I have a dataframe in R where each row is an sf-formatted geospatial grid. For each grid, I have the number of venomous snakes and the number of non-venomous snakes seen in that area. I also have data on the diets of birds in each grid area. Specifically, I know how many non-venomous snakes birds ate, and how many venomous snakes birds ate. My goal is to evaluate whether birds are eating fewer venomous snakes than would be expected given their abundance in a given area. That is, are birds avoiding potentially dangerous prey.
See below for an example dataframe (though without the column describing each spatial polygon; I'm not sure how to recreate that for this example).

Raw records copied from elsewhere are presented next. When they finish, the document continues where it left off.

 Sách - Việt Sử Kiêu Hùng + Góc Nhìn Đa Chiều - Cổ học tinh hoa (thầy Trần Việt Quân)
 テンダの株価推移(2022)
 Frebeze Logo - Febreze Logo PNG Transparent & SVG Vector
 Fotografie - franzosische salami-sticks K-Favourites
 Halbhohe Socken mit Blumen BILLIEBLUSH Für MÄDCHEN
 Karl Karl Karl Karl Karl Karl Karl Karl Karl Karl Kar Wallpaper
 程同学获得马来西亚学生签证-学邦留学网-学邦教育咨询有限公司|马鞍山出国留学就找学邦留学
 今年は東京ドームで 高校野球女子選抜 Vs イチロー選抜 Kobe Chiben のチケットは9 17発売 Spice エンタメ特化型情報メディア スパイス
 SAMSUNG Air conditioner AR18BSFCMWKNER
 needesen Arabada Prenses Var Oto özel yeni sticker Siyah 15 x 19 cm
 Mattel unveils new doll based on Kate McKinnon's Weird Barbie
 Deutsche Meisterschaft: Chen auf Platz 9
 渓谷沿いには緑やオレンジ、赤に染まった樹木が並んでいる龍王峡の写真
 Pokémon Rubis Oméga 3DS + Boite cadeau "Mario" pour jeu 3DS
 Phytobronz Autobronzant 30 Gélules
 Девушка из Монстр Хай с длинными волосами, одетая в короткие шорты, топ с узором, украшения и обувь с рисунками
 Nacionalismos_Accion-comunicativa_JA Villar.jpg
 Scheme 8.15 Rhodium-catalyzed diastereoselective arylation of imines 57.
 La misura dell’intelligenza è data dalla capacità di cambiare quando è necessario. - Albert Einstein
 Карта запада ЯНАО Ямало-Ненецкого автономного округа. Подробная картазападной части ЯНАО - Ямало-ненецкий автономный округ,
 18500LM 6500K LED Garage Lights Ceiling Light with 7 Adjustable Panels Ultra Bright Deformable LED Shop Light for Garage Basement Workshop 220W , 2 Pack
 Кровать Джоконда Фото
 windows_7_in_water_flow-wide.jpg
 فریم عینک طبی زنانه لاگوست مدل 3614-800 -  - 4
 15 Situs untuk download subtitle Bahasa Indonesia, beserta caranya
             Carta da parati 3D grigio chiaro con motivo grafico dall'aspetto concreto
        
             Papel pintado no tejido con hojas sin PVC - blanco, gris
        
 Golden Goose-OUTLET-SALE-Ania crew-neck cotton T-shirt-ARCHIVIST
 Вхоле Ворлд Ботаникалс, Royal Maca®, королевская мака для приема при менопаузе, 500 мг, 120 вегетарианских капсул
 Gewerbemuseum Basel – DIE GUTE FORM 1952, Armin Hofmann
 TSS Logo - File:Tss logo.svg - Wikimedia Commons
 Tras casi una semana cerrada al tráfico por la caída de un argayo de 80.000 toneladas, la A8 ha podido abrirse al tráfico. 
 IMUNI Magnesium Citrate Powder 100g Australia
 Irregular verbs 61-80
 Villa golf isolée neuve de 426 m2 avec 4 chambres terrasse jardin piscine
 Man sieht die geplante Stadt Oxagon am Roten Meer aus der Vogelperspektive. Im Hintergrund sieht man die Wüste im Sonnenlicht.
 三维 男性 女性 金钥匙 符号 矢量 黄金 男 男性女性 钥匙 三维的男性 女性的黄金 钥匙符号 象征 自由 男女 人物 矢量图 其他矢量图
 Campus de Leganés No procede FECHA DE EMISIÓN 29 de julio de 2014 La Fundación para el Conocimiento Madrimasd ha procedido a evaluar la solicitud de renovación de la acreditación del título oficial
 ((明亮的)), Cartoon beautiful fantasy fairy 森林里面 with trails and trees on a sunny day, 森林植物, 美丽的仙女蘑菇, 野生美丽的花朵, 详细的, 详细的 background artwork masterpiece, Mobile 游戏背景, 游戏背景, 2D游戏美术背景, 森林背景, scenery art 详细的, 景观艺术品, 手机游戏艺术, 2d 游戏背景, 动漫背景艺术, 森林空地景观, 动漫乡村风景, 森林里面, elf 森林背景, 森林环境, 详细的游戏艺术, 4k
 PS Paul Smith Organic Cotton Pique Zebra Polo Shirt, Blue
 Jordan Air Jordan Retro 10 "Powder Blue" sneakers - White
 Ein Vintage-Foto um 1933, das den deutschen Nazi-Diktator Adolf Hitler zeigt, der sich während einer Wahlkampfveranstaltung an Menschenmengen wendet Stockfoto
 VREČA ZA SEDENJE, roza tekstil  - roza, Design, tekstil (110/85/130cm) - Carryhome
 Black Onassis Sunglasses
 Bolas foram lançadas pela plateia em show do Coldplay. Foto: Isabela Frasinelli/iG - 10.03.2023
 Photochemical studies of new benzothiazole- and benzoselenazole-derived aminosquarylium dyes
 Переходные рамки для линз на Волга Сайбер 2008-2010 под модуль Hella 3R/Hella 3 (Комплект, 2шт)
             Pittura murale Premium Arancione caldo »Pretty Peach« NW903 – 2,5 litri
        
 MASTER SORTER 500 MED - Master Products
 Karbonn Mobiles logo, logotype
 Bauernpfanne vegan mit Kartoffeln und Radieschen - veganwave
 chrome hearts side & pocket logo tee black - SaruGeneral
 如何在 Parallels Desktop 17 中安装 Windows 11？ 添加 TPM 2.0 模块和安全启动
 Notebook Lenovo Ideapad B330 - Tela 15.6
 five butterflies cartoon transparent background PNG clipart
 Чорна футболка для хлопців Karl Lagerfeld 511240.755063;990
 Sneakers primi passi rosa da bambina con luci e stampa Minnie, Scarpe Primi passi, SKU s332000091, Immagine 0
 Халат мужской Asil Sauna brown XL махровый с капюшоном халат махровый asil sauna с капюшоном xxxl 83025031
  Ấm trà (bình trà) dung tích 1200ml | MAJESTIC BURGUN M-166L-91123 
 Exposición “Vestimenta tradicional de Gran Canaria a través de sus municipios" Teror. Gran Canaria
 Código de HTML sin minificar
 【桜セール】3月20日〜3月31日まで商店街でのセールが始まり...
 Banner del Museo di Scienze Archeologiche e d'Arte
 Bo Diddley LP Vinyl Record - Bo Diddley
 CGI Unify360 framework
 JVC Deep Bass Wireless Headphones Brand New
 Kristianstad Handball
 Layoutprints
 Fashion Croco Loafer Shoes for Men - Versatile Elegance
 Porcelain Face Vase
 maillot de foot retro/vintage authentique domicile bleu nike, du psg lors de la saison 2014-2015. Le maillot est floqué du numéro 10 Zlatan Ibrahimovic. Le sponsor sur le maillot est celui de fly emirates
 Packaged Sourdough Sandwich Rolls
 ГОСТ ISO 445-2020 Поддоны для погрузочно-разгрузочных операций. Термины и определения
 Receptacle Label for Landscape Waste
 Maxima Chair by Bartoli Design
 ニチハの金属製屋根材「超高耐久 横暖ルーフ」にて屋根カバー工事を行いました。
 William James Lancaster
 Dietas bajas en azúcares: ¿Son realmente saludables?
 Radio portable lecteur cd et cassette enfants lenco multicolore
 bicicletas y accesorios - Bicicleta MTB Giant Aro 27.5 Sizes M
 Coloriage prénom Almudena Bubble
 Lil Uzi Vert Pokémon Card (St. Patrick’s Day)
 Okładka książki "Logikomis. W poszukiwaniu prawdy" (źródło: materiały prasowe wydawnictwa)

df <- data.frame(grid_id = c(1,2,3,4,5),
n_venomous = c(50,50,50,50,50),
n_non_venomous = c(50,50,50,50,50),
n_eat_venomous = c(10, 10, 10, 10, 10),
n_eat_non_venomous = c(40, 40, 40, 40, 40))
> df
grid_id n_venomous n_non_venomous n_eat_venomous n_eat_non_venomous
1 1 50 50 10 40
2 2 50 50 10 40
3 3 50 50 10 40
4 4 50 50 10 40
5 5 50 50 10 40
This seems like a relatively simply case of calculating differences between observed and expected values (i.e., if birds weren't choosy, we would expect them to eat 25 venomous and 25 non-venomous snakes in each area). But I imagine I shouldn't just run dozens of individual chi-square tests (I have 50+ different spatial grids). There is also the issue of spatial autocorrelation.
Given my research goal, how should I approach this analysis in R?